たくあんの固さに、ちゃんと噛み切れるか心配だが、せっかく好意でくれるんだ。遠慮せずいただこう。なに、どうしても噛み切れなきゃ、呑み込めば良いさ。そう考え、
「お春さん、ありがとう。ウン、ウン、こりゃ良い塩加減で美味しいよ。お春さんの漬物はいつも美味しいなぁ。」
そう言って呑み込んだ。
「アンタ、さっきからずっと外ばかり眺めているねぇ。余程気に入ってるようだ。そんなに紅葉が綺麗かい?

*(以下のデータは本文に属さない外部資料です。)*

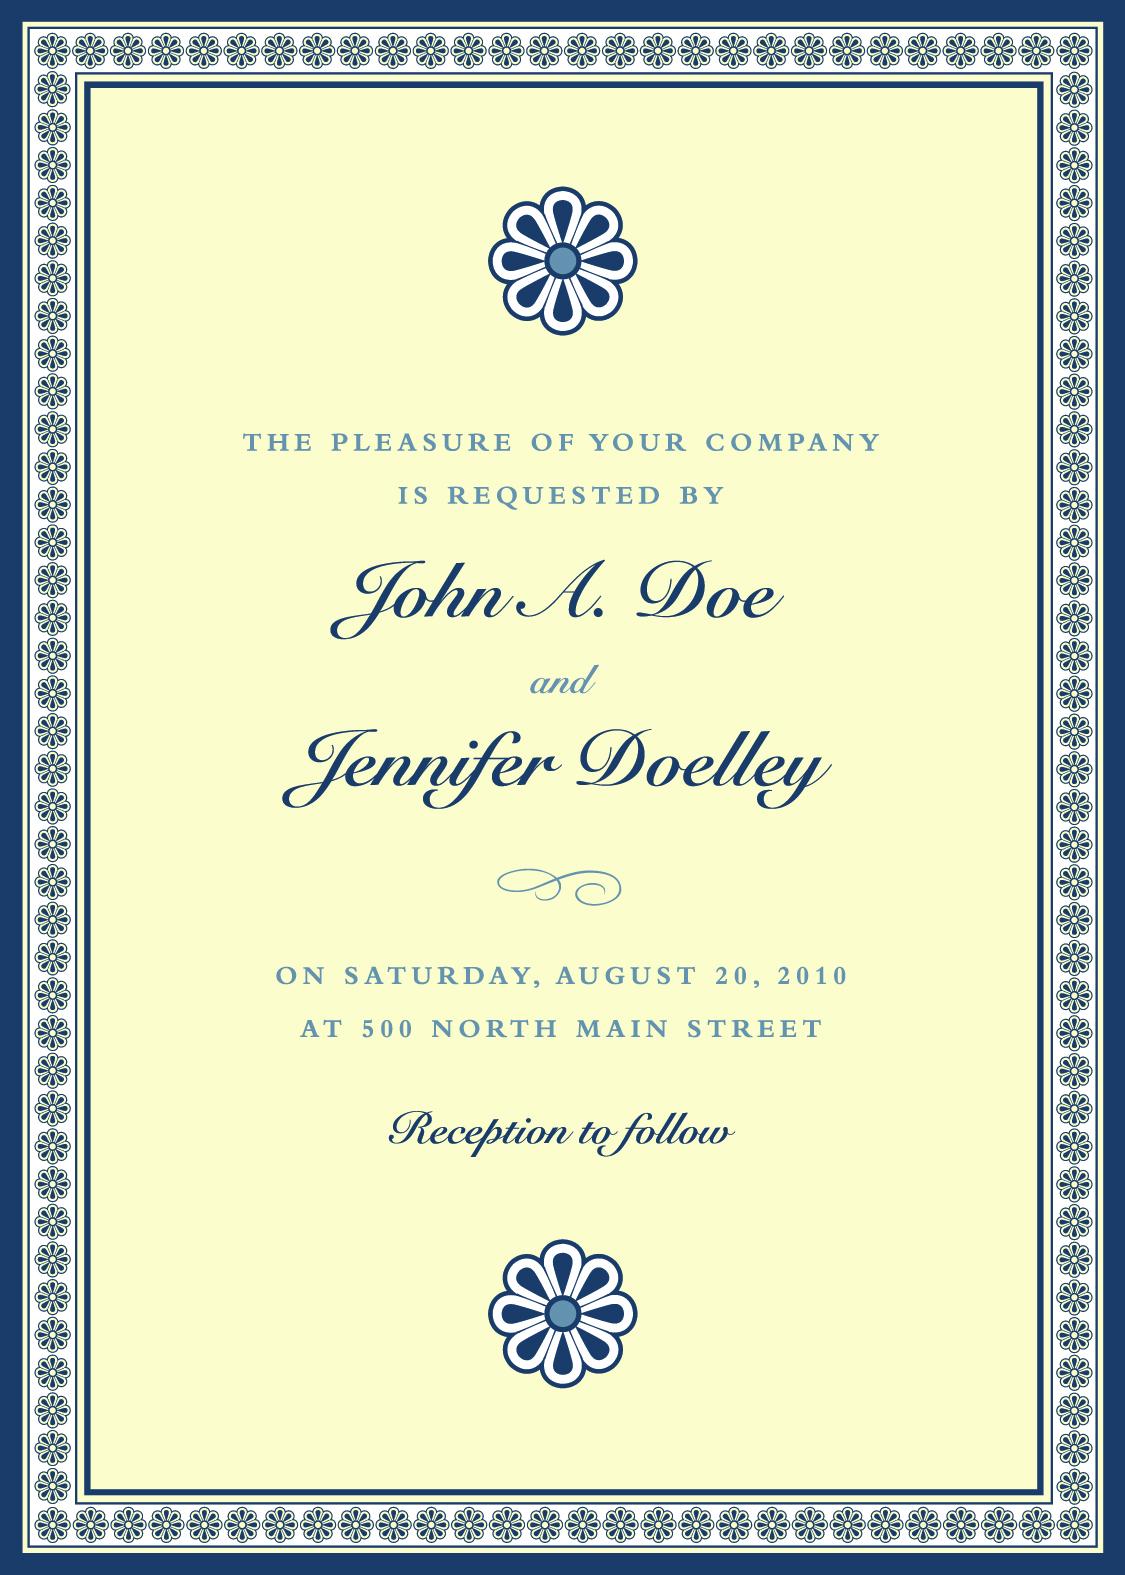 Vintage invitations 4 декабря 2014 просмотров 315
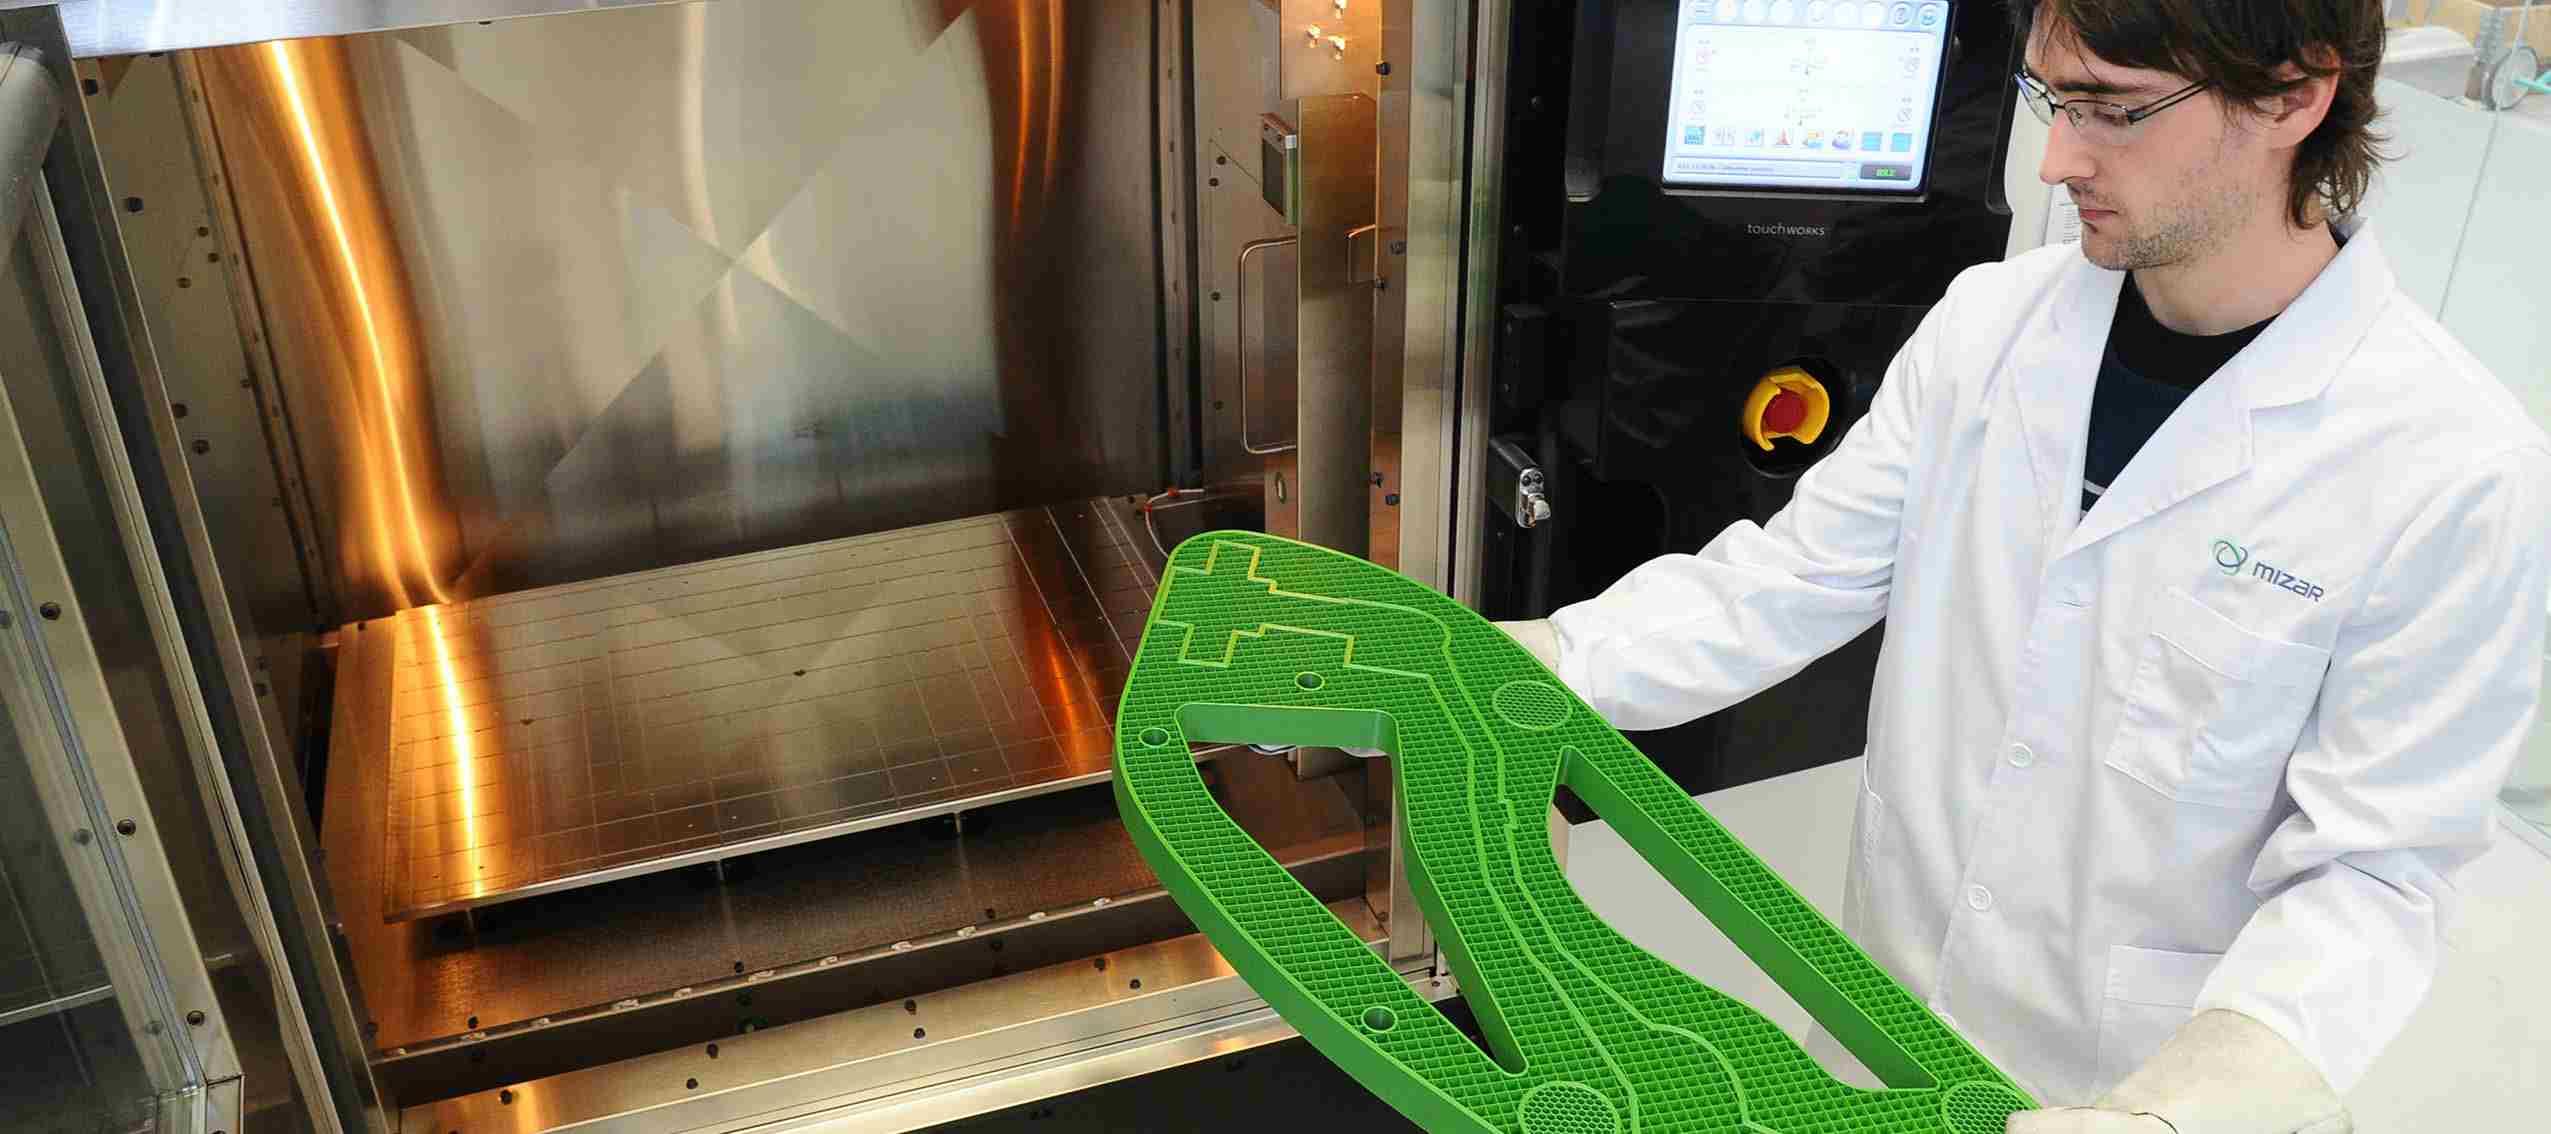 Mizar impulsa la industrialización de la fabricación aditiva en Addit3D

目的地の神社の紅葉はもっと綺麗だってさ。楽しみだねぇ。」
心からウンウンと頷く三郎。彼はその心の中で、昔々の記憶の中にいた。
それはまだ楽しかった頃の家族との思い出。
生涯ただ一度だけの贅沢。妻と娘を連れて一泊の温泉旅行に行った事がある。
その時のバスの経由地がその神社だった。
昔々の遠い記憶が、今では「あれは夢だったのかもしれない。」と思える。
もう妻の顔も娘の顔も、幻のように消え去りそう。
その幻を紅葉の景色の彼方に追い続ける三郎だった。
その翌日、三郎は非番で翌々日は欠勤した。
ん?無断欠勤?珍しい。
カエデは板倉、エリカと共に板倉が用意してくれた三郎の住むアパートに様子を見に行く。
いくらドアを叩いても返事はない。
止む無く大家さんから鍵を借り、ドアを開ける。
すると布団に横たわる三郎の姿があった。
布団の廻りにいかにも素人手作りと思われる人形たちが取り囲んでいた。
きっと当時幼かった娘と作った思い出の品なのだろう。
そして三郎の枕の前には、家族と思われる写真。
彼はもうこの世の人ではなかった。
そして彼の顔は幸せに満ちた笑顔のまま。
孤独だが、かけがえのない家族の思い出に囲まれた最後だった。
手を合わせ冥福を祈る三人。
平助内閣最初で最後の旅立ちの人だった。